In 1974, Abba won the Eurovision song contest with “Waterloo.” That same year saw the birth of Structured Query Language (SQL). Created as a standardized language for relational database management, it simplified enormously the development of complex business applications. For example, you could fetch many data records in one statement without specifying how to reach that data.
Having spent 19 of the past 20 years working with relational databases, and much of the past year writing code to access a hierarchical database, I can appreciate the ease that SQL provides developers. The equivalent of a two- or three-line SQL query with joins between tables can become 20-30 lines of code in a hierarchical database.
As languages go, SQL is a bit of a mishmash of declarative and procedural programming. You can declare databases and tables and then modify them in code, as well as insert/update data.
Although there are various standards, various database creators have added their own extensions, with Microsoft and Oracle being amongst the worst offenders (to put it mildly). If you’ve ever moved from MS Access to SQL Server, there are subtle (and not-so-subtle) changes; for instance, use of ” in Access become’ in SQL Server. Data isn’t exactly siloed, but moving non-trivial quantities of data between different makes of database can require quite an effort.
Some developers viewed the NoSQL movement, which began in 2009, as possibly replacing SQL. But it really just solved a different problem: How to store multiple records rapidly. Relational databases have ACID (atomicity, consistency, isolation and durability), which add a processing overhead that NoSQL avoids. The price of NoSQL’s speed is consistency, which is replaced with eventual consistency (if there are no new updates to the object after the period of possible inconsistency has finished, all accesses will return the last updated value).
SQL, having weathered the NoSQL storm, continues to be revised, with the last amendment (the 8th) in 2016. It took 12 years for the language to become a standard (in 1986); the first amendment was in 1989. Most development that I’ve done since 1998 has been against SQL-89 and SQL-92 databases, despite the newer versions since. Things change slowly in the world of software development!
SQL and Relational Databases
You can’t have a discussion about SQL without referring to the databases running it.
What versions of SQL do the major databases support? I’m looking at Oracle, SQL Server, IBM DB2, PostgreSQL, and MySQL/MariaDB. SQLite is included in every Android and iOS device, making it the most deployed database in the world.
Oracle, although not quite the first commercial relational database, is the most popular now and considered the one to beat. According to Db-Engines, it is still the most popular relational database, followed closely by MySQL, then SQL Server. Oracle supports SQL:2011 and row pattern matching from 2016.
Oracle’s other database, MySQL, was acquired along with Sun microsystems in 2008. Some thought MySQL might not survive the transition, including its main author (Monty Widenius, who created the MariaDB fork). MySQL supports some of SQL-2011.
Not far behind Oracle/MySQL is Microsoft SQL Server, which not so long ago appeared on Linux. This transfer was a technically challenging task, because SQL Server has traditionally made use of Windows libraries for threading/scheduling, synchronization, and IO (disk and network). The team accomplished this transfer by adding a Platform Abstraction Layer. It comes with the same licensing as the Windows and developer/Express editions, as well as standard and Enterprise.
IBM’s Db2 isn’t one I’ve personally utilized; but according to their website, it supports many of the SQL:2016 standards.
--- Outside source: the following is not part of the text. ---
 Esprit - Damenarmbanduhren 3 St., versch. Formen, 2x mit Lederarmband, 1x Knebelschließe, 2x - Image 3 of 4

There are a number of different versions, including two express (i.e. no charge) community editions. Db2 is another SQL database that can store JSON documents (like No-SQL) and has done so for the last five years.
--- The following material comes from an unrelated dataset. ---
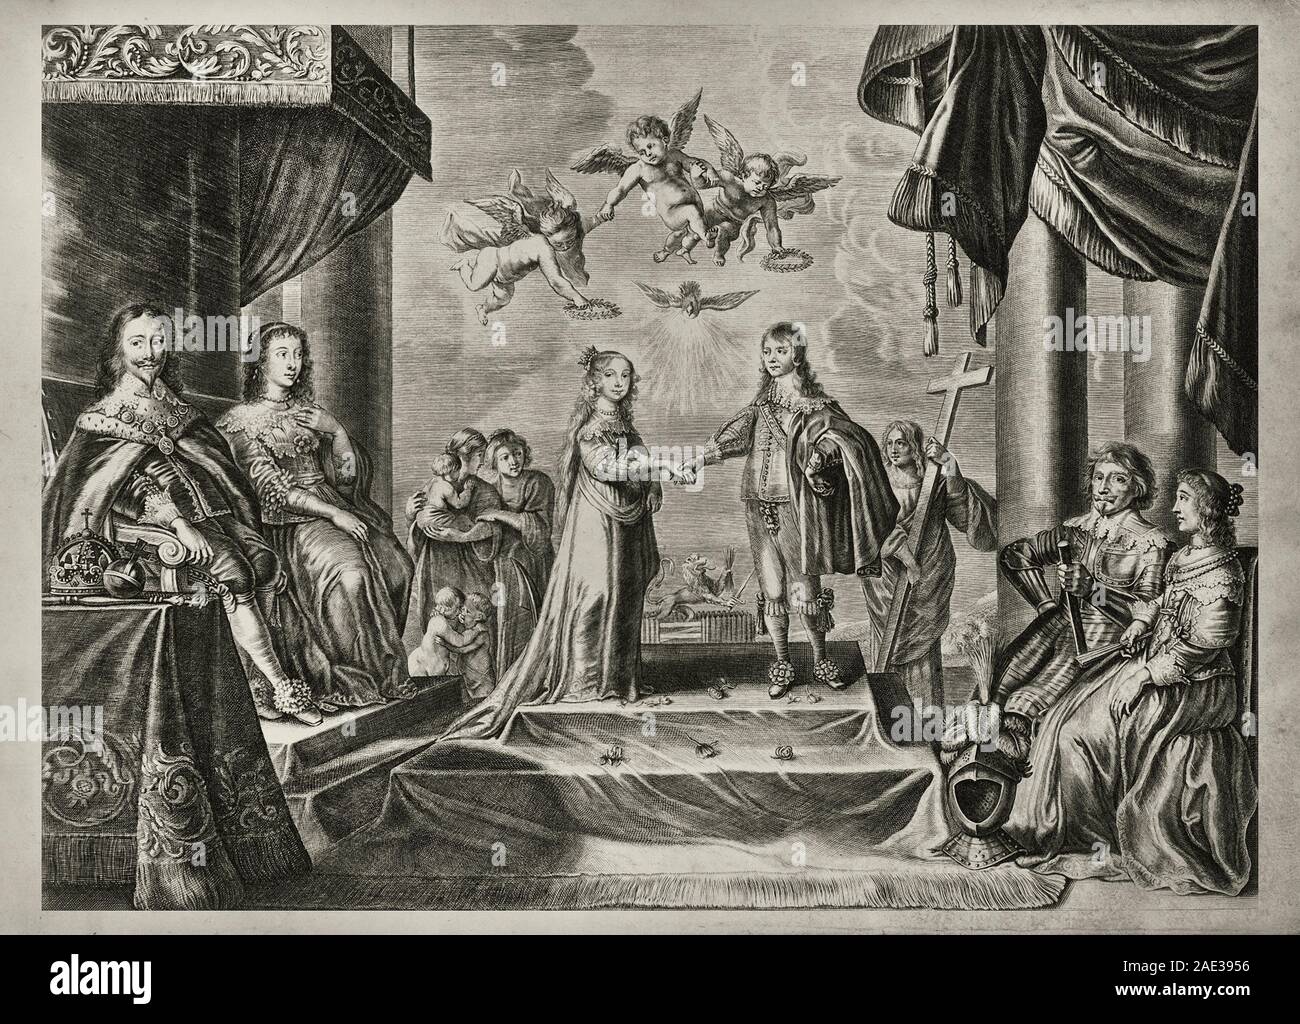 Incisione di Guglielmo II (1792 - 1849), Re dei Paesi Bassi, il Granduca del Lussemburgo. Foto Stock

Just to be clear, DB2 is not the same as Db2. IBM Db2 is a successor (introduced in 2017) to DB2, which has been around for three decades.
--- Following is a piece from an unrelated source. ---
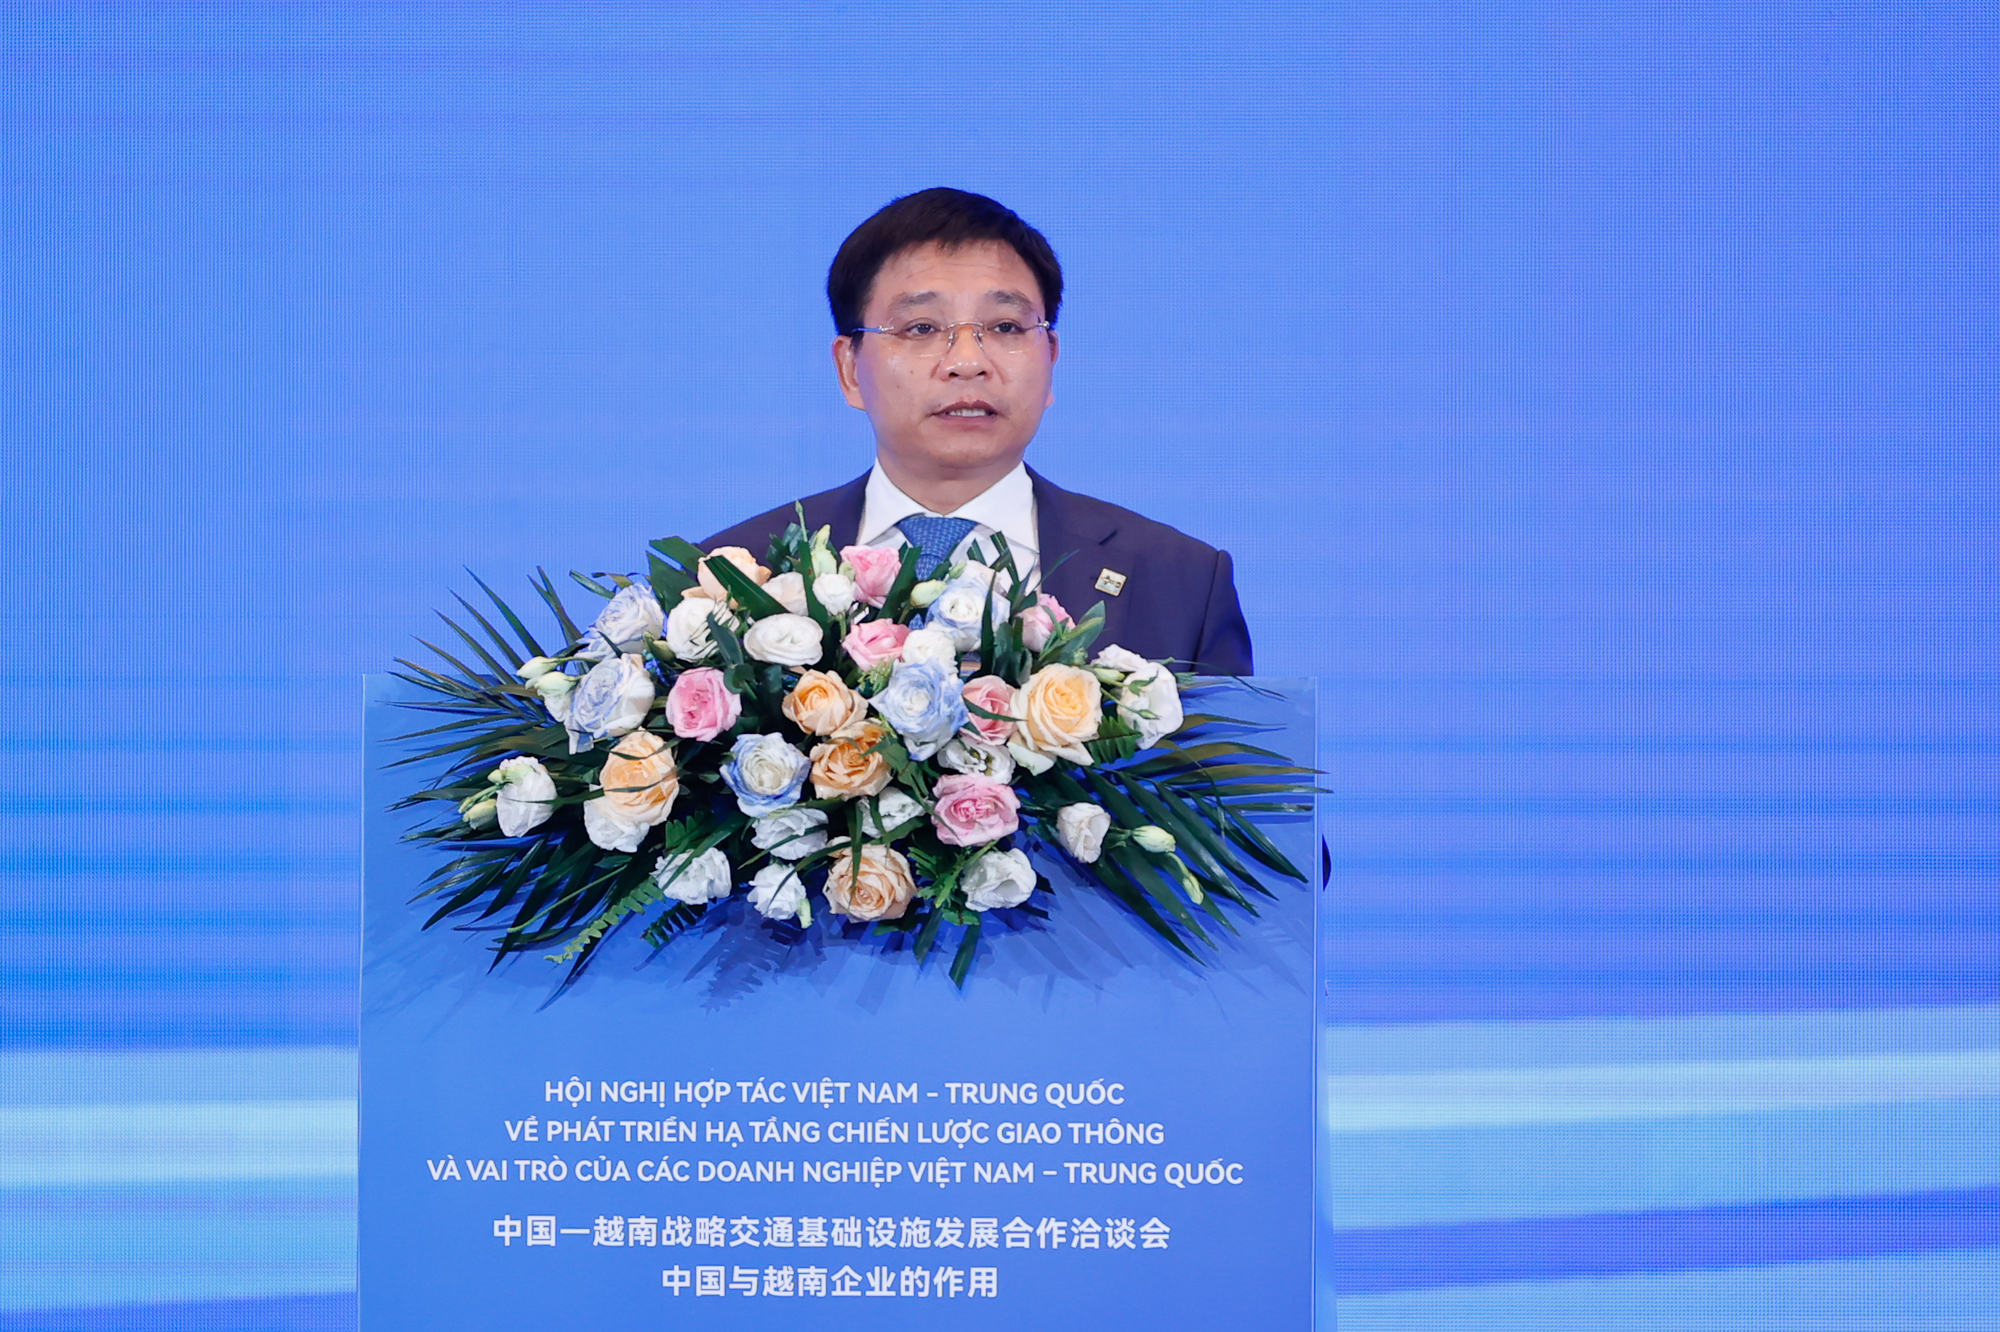 Bộ trưởng Bộ GTVT Nguyễn Văn Thắng phát biểu tại Hội nghị - Ảnh: VGP/Nhật Bắc

Coming in at number four in the Db-Engines ranking is PostgreSQL. This has always been the most technically advanced open-source RDBMS. PostgreSQL 11, the newest version, supports most features of SQL:2011. If you want a sophisticated RDBMS, PostgreSQL is arguably the best, certainly for the price! The Express versions of commercial databases are generally restricted in the size of database they can handle; PostgreSQL is not.
I like SQLite. It’s small, fast, and a handy thing to build into desktop software. It’s also less than 700KB in size. It supports most of SQL-92 and that’s it—alas.
According to db-engines, the fifth-ranked database is now MongoDB. This shows that, even after nine years of NoSQL databases, relational databases nonetheless remain top dog. I attribute some of this to inertia, and a bit to some relational databases adding in NoSQL abilities. PostgreSQL and MySQL both support JSON. It’s far easier to keep your existing relational database if it has NoSQL support.